◆ **Extracted entries**
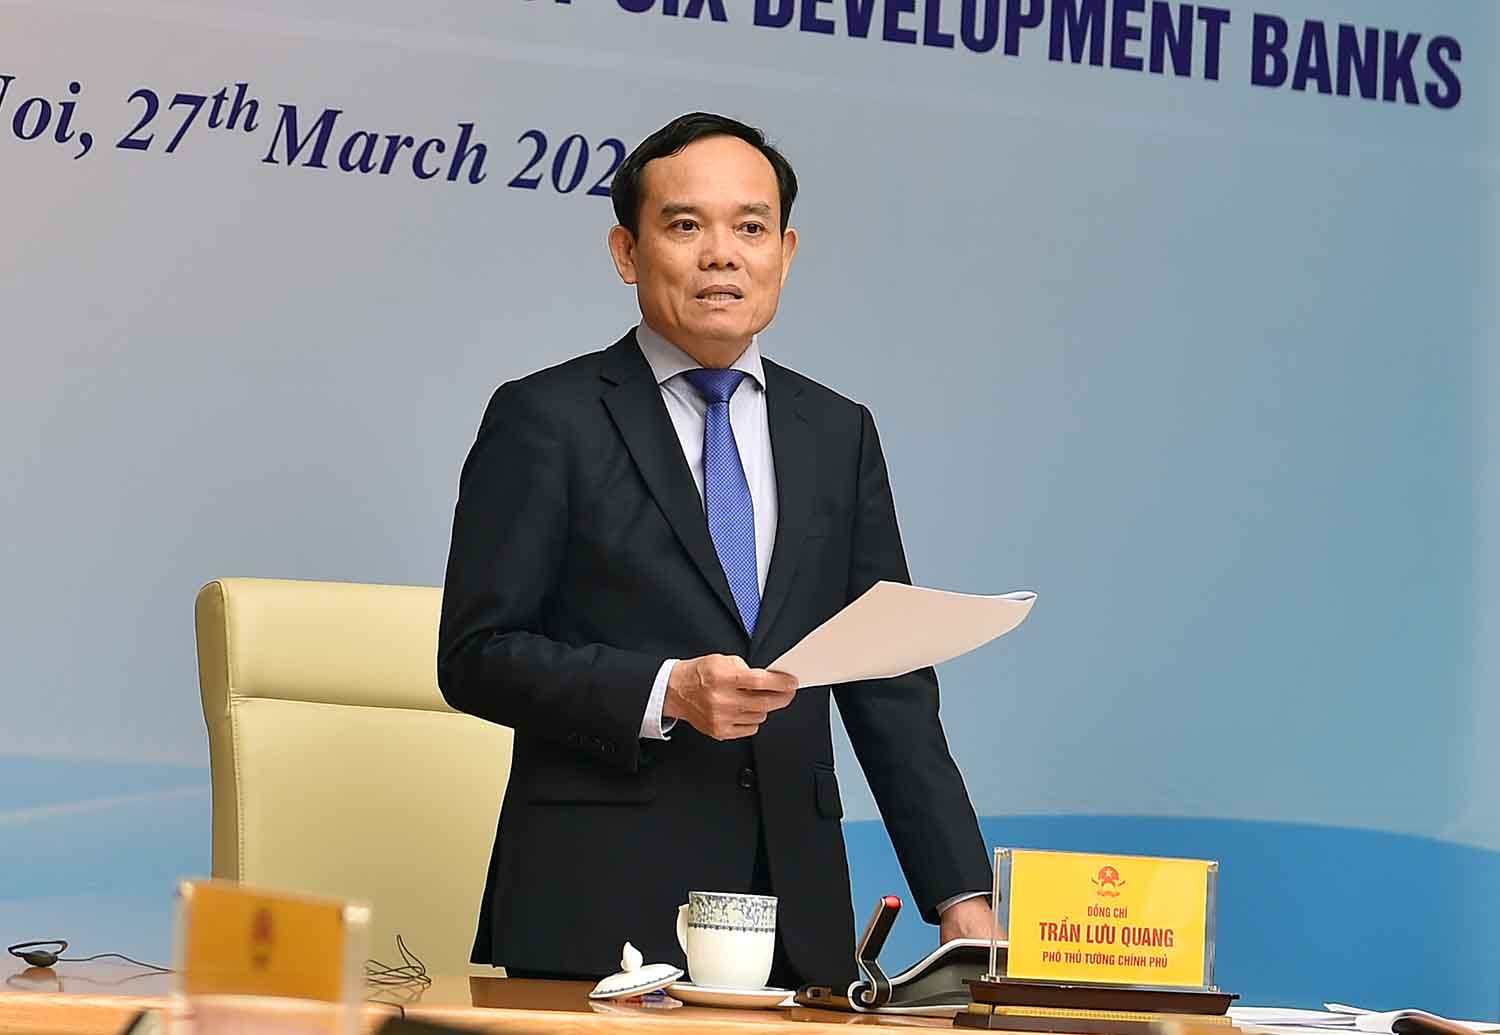 Việt Nam và các nhà tài trợ đồng thuận về sự cần thiết phải hài hoà hoá thủ tục- Ảnh 2.
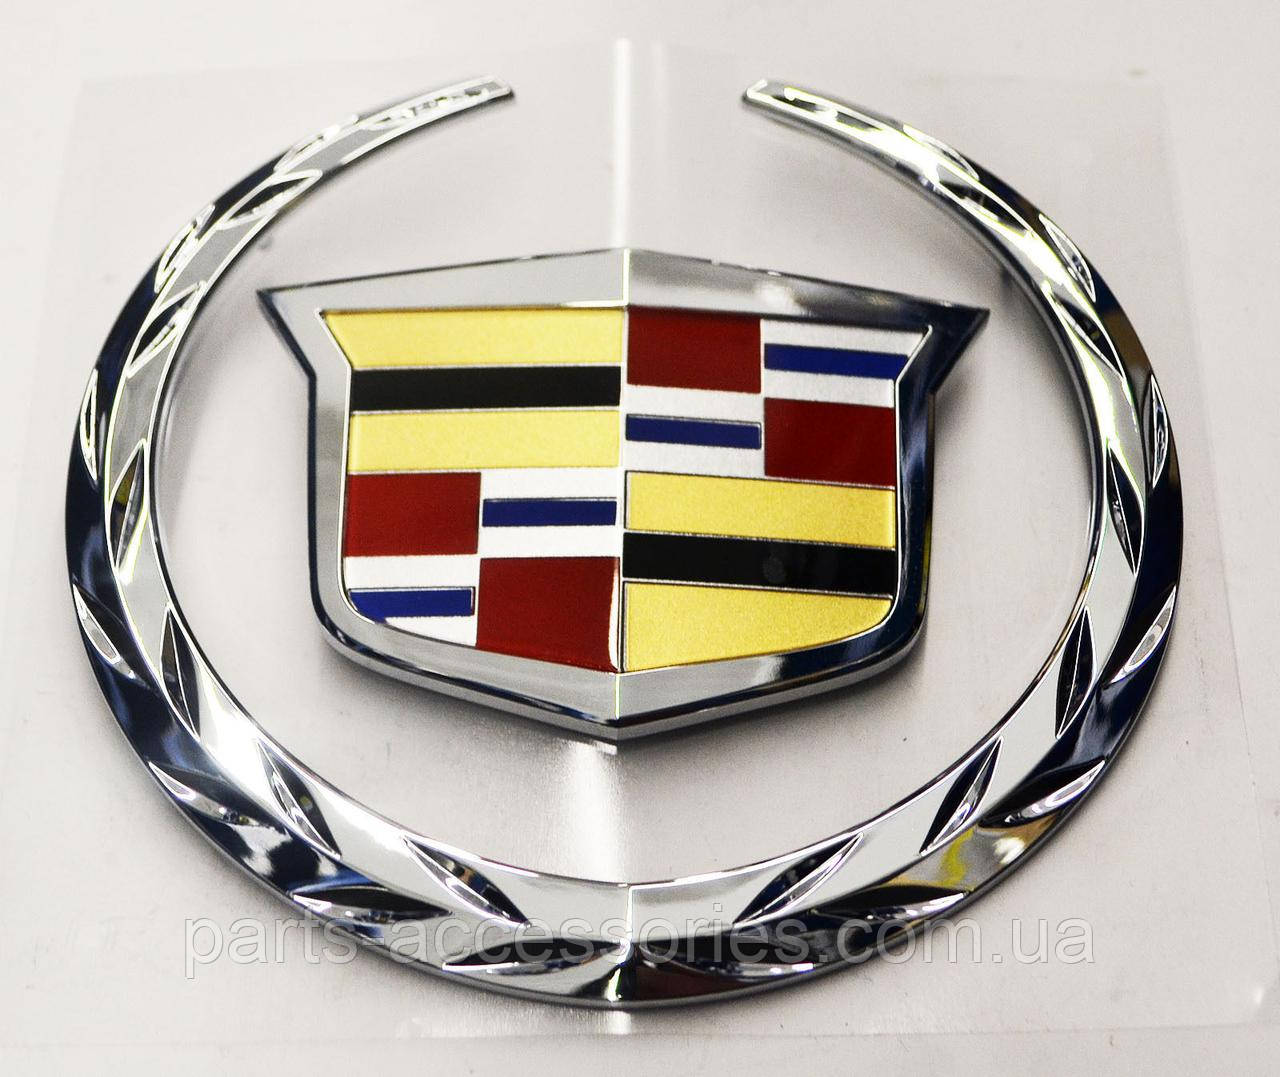 Кадиллак логотип. Кадиллак Эскалейд значок. Кадиллак Эскалейд шильдик. Cadillac Escalade марка. Знак Кадиллака на машине.
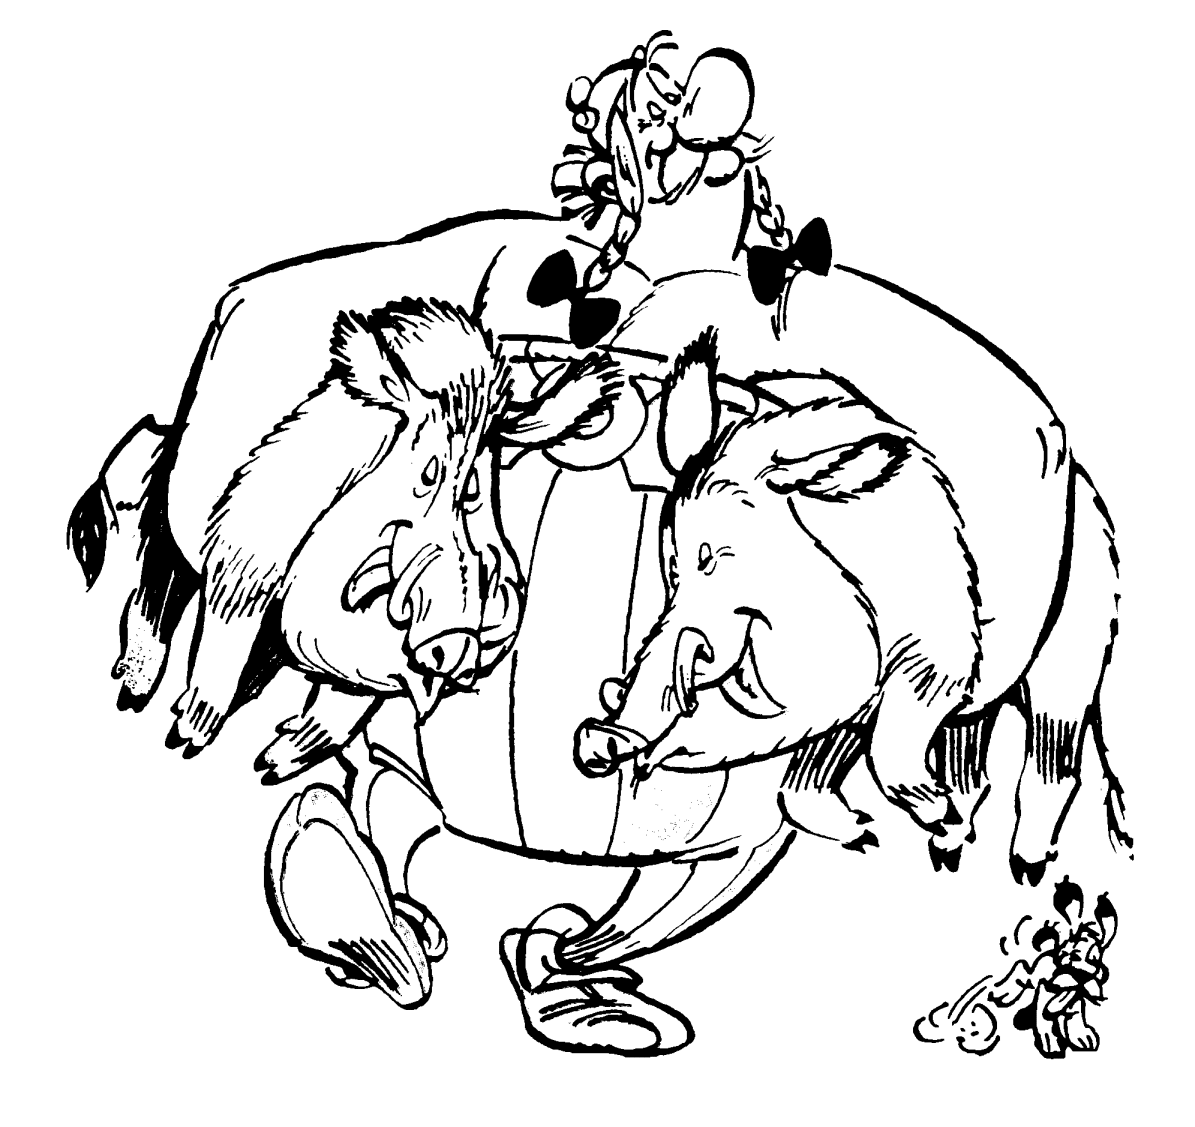 Obelix e la caccia disegno da colorare gratis
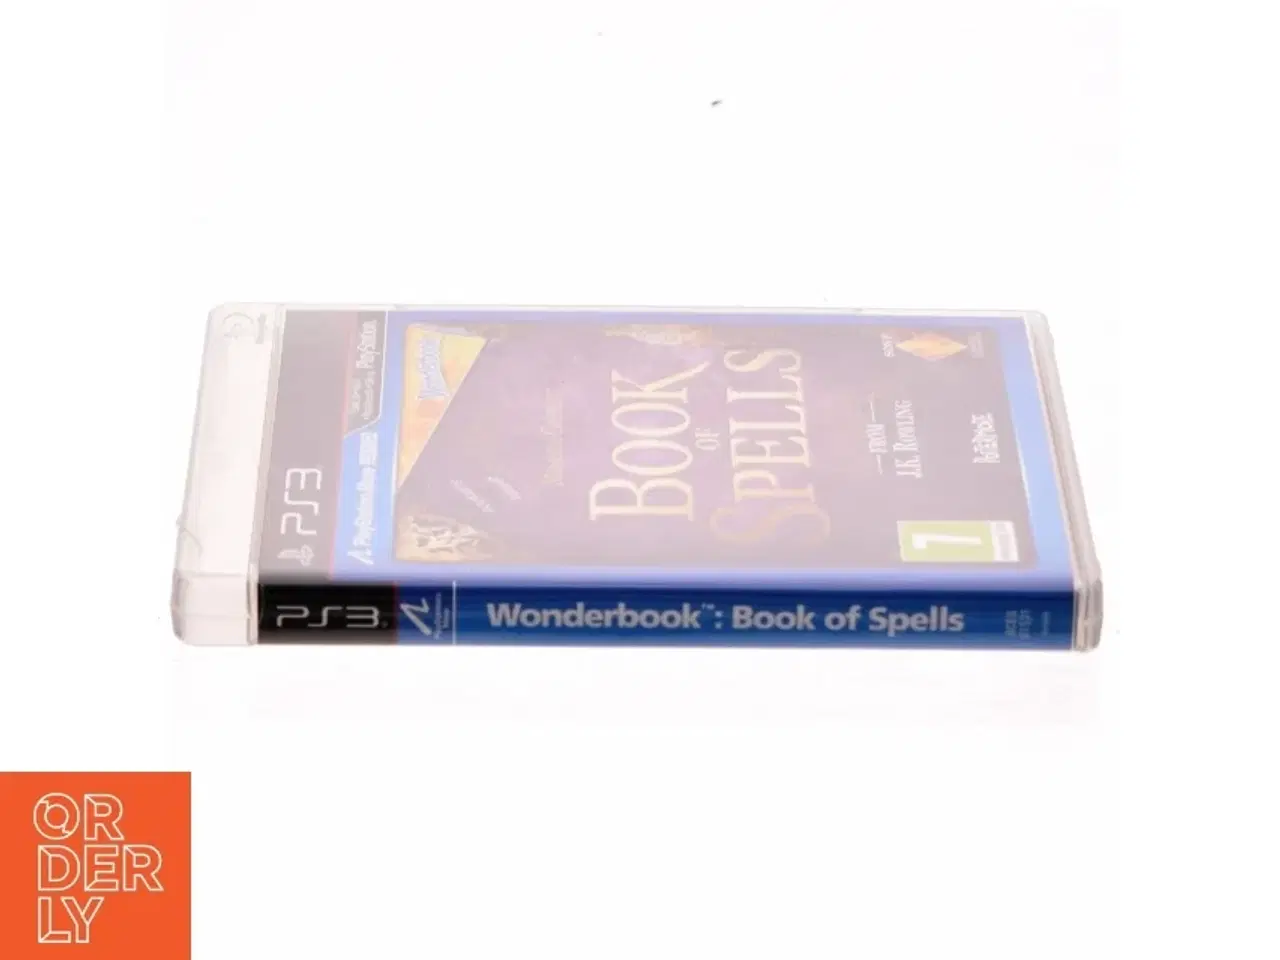 Billede 2 - PS3, Book of spells fra Playstation
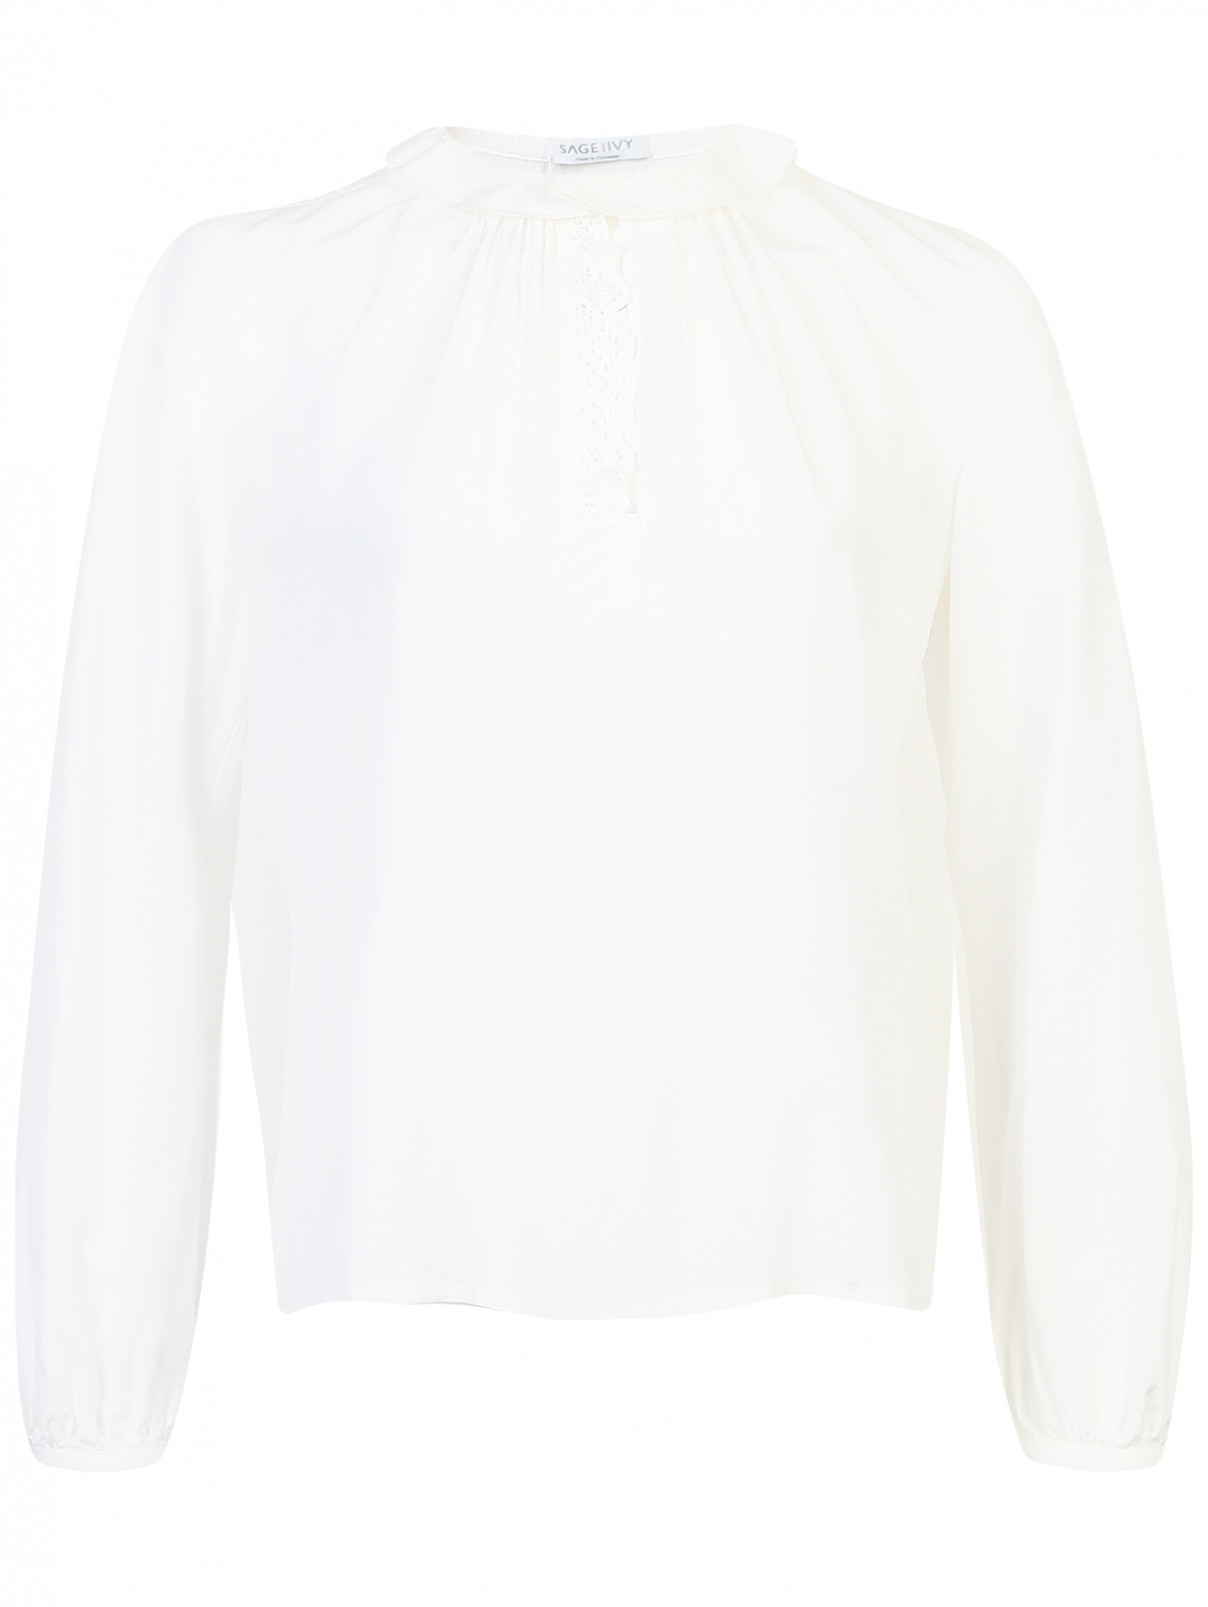 Блуза с кружевной вставкой Sage and Ivy  –  Общий вид  – Цвет:  Белый

◆ **Exercise prompt**
Everything from the line with "Billede 2 - PS3, Book" through the last line of the listing should be retyped exactly, with both end lines kept and the pictures left out.

◆ **Problem solution**
 Billede 2 - PS3, Book of spells fra Playstation
 Блуза с кружевной вставкой Sage and Ivy  –  Общий вид  – Цвет:  Белый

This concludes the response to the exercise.